The same for Apple - for years the sales were terrible, less than 4 million per 6 weeks even for a while, but it showed steady growth. Indeed, I've got to laugh - the media and fans praised Apple for its supposedly good sales, whilst moaning about Nokia because their share was steady or falling (even though sales were actually increasing faster than Apple's).

Well now it's the other way round - Apple's share is falling, and WP shows growth. If you believe that relative growth is a good measure, then that should apply now. If you don't, Apple should never have got all that attention in the years from 2007.

(And I own Android, so don't care about WP. Indeed, it's a bit comical seeing iphone and WP fans argue about who isn't the most unpopular - "iphone, not as unpopular as WP!" - meanwhile, Android goes onto sell hundreds of millions all year round.)

Mark .

"I think it clear, instead, that if you have a wide range of phones covering a wide range of features, then you'll appeal to a wide range of demographics within the public and therefore sell more phones. Consumers don't prefer choice"

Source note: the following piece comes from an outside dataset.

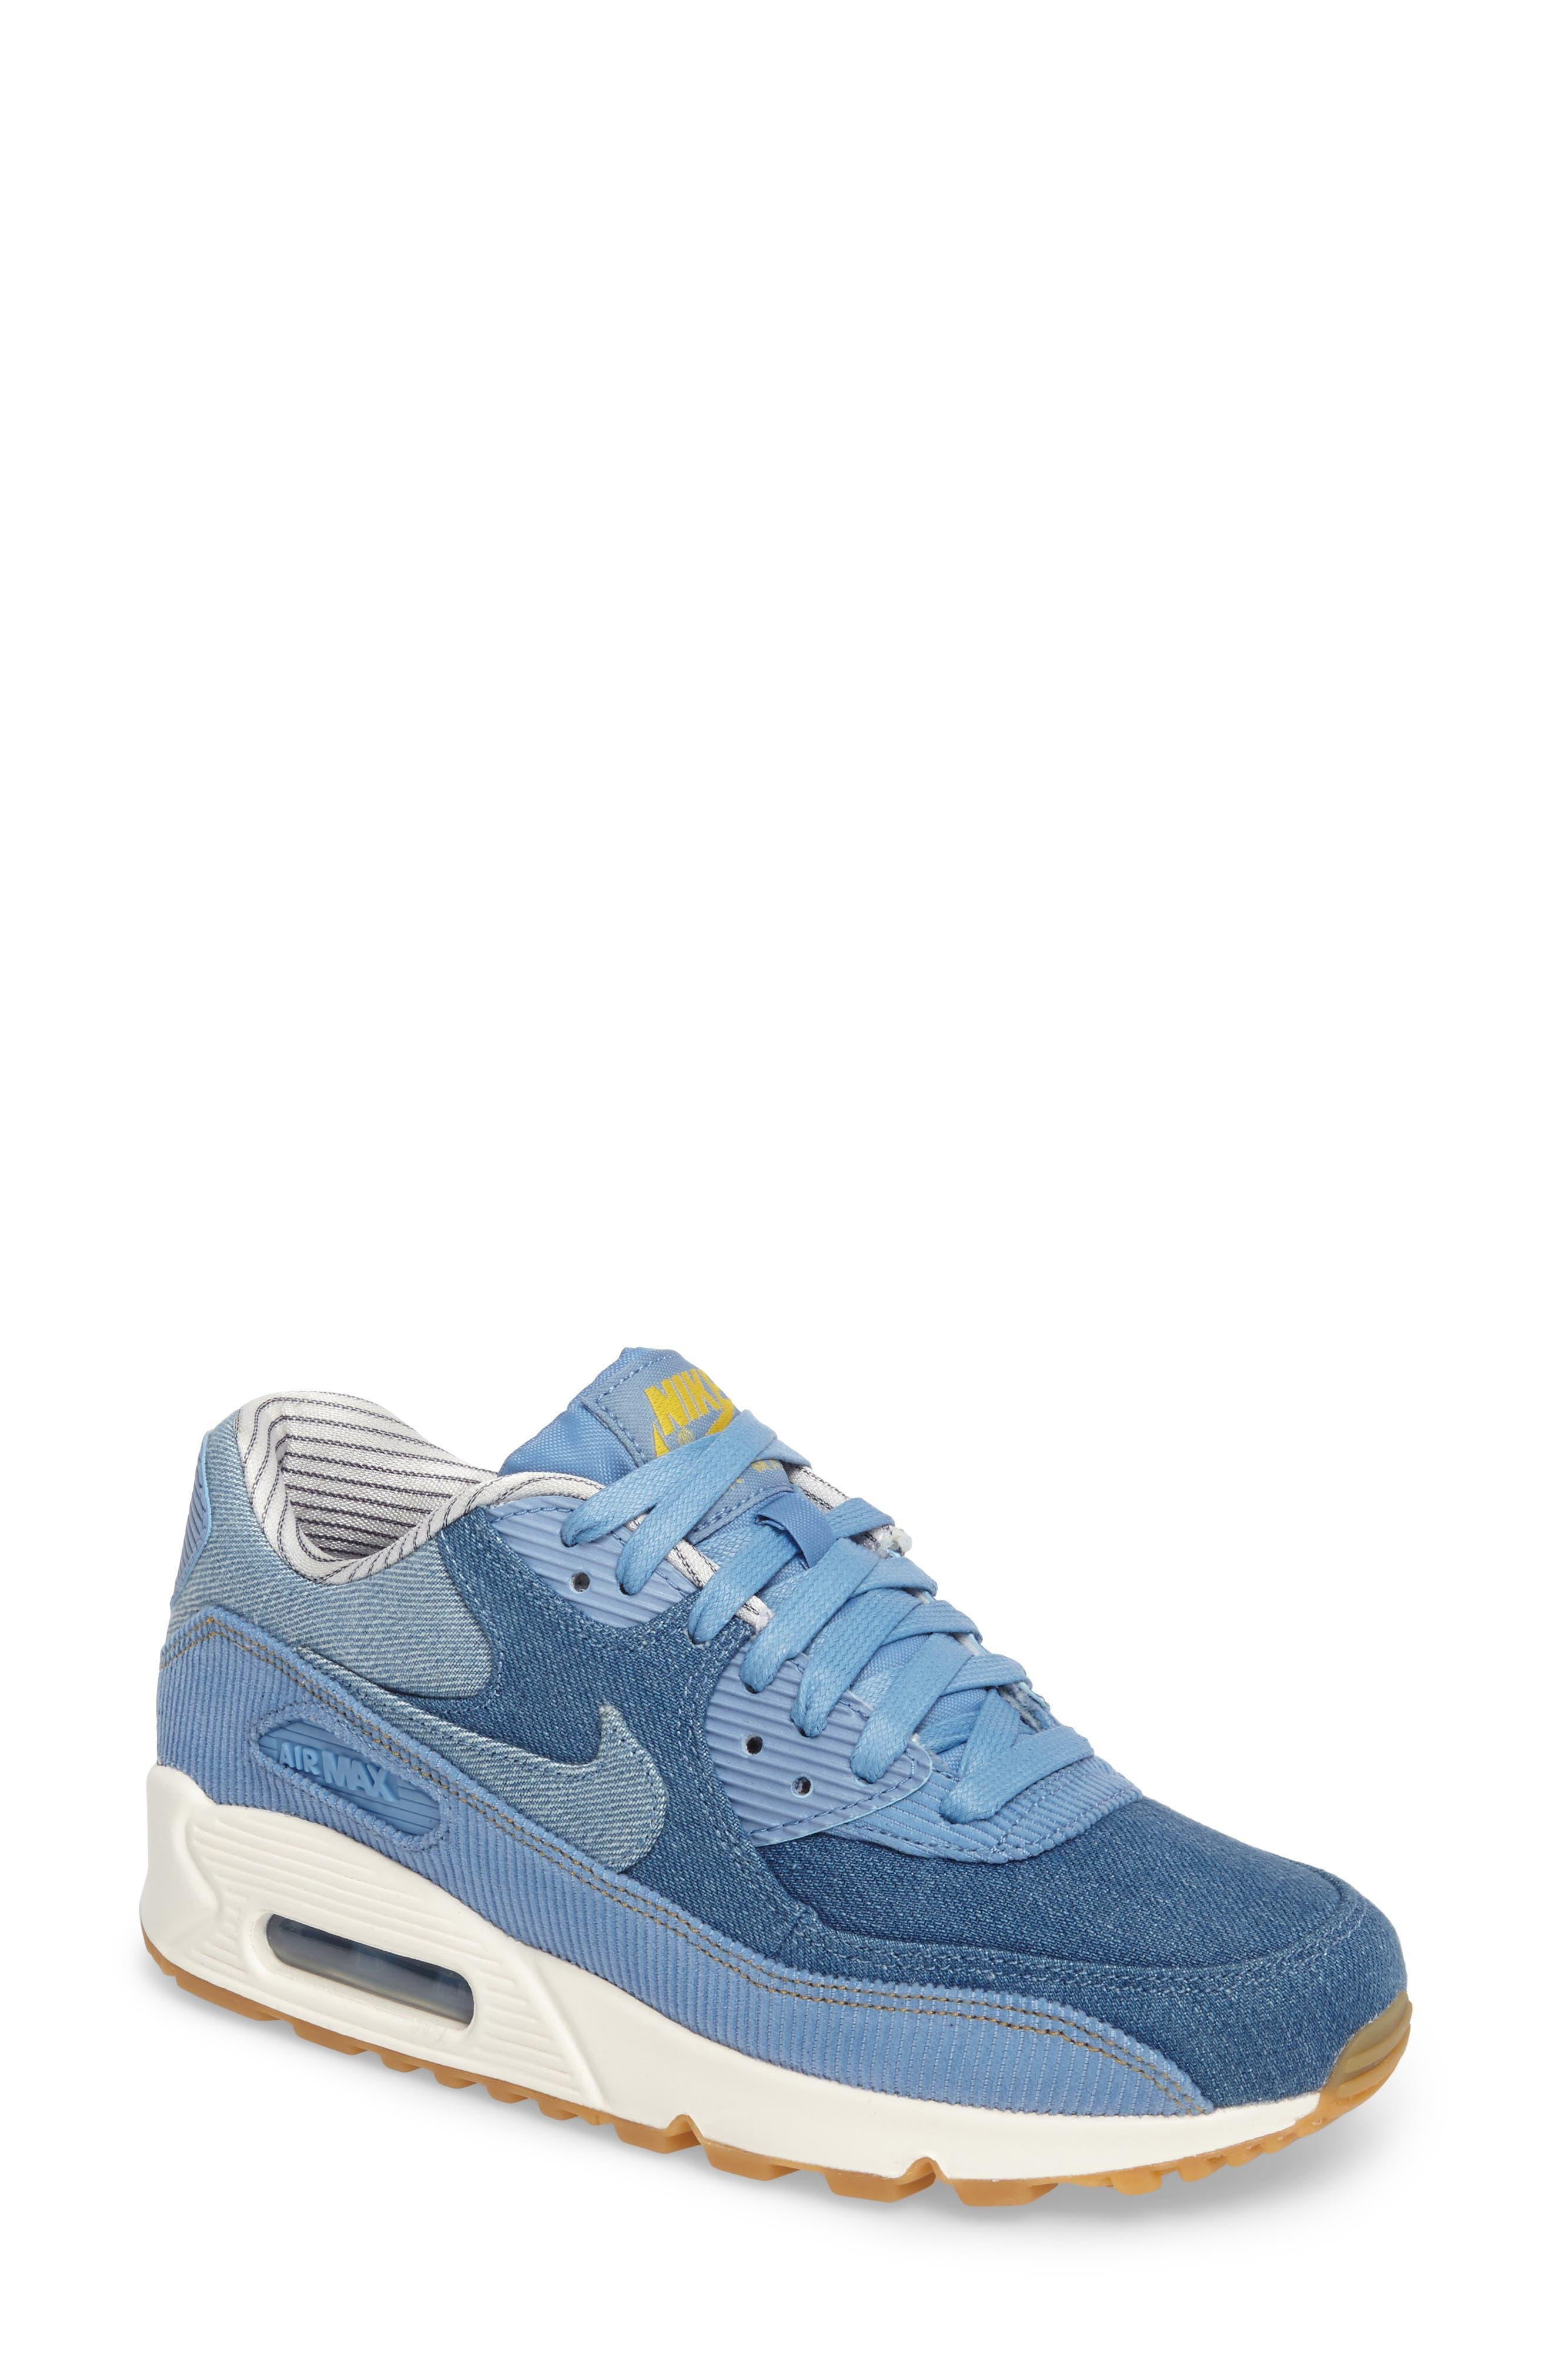 Air Max 90 SE Sneaker,                             Main thumbnail 8, color,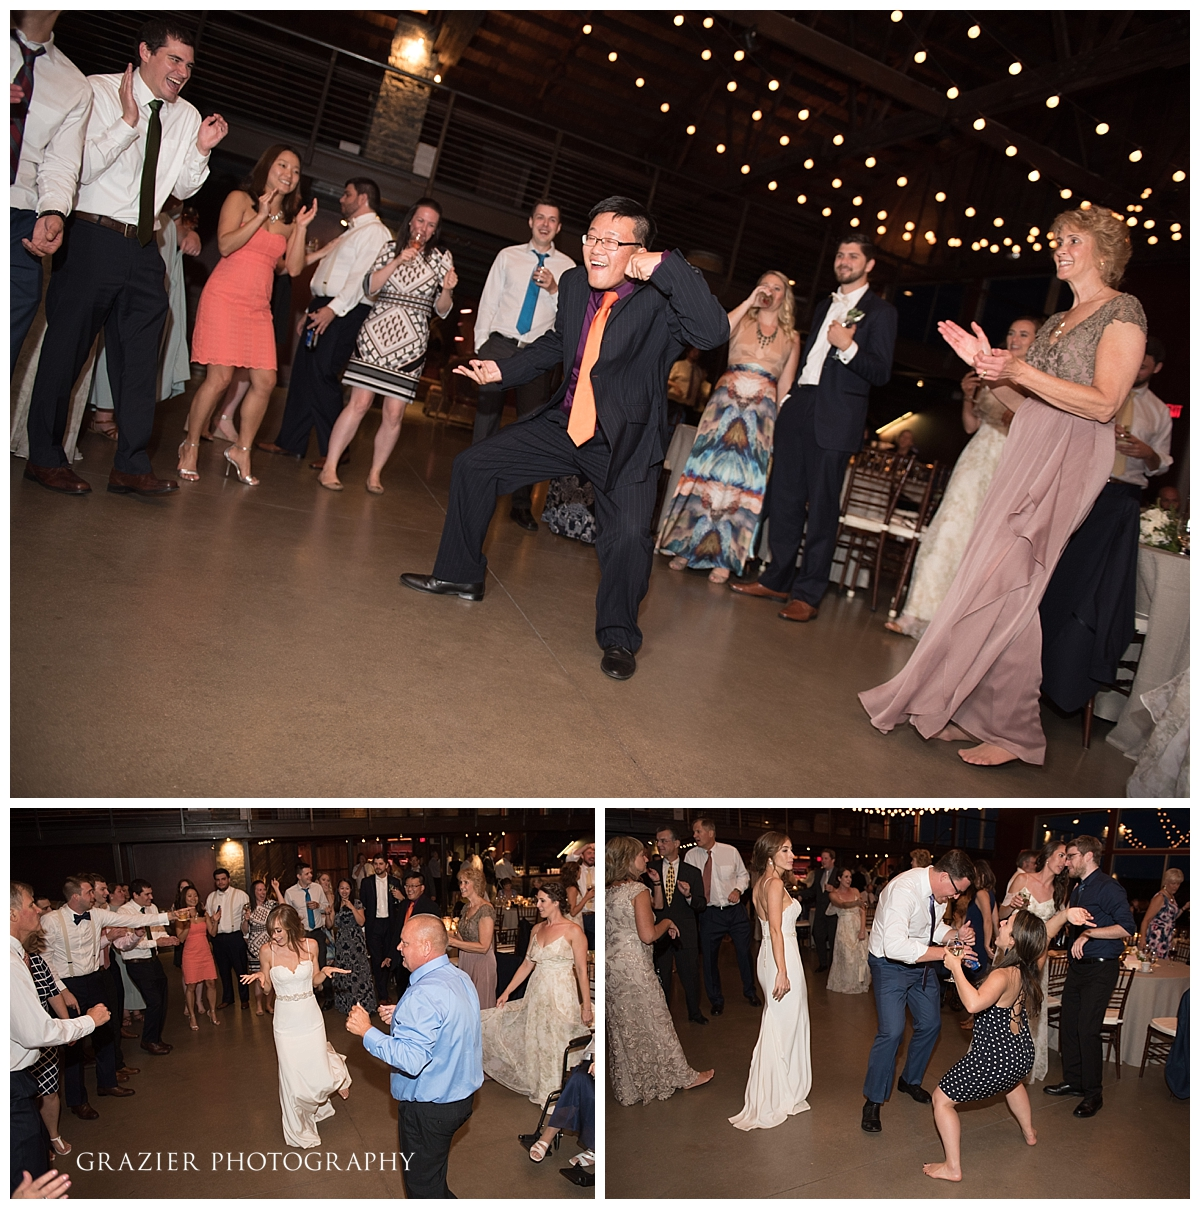 Saltwater Farm Vineyard Wedding Grazier Photography 170825-95_WEB.jpg

Well that's exactly what I mean :) If I end up buying Samsung model 23 because that suits me perfectly, where as Apple model 2 doesn't, then I'm glad that Samsung offer the greater range of choice. (Sure, pedantically speaking if Samsung _only_ had model 23, I'd have still have bought it, but that would be luck - I still prefer that they offered me the choice of models.) And it's also clear that that's the stategy that's more successful.

Mark .

Re: The Microsoft effect

iphone once had poor sales - a million in 76 days for example - yet that was hailed as a great success, even though companies like Nokia sold more than that _every single day_ (not just in the first weekend of a new release).

But when it's someone else selling a few million, that's poor. Right. Same old double standard.

"The only people I see buying it are people who do not care if it's Android, iOS or Windows - i.e. they just want a phone and they happen to like the look of that one."

Which describes most people, then.

Mark .

Re: Nokia

"It's like the titanic - well made but a fatal flaw - it runs Windows in a market where people are buying iOS and Android."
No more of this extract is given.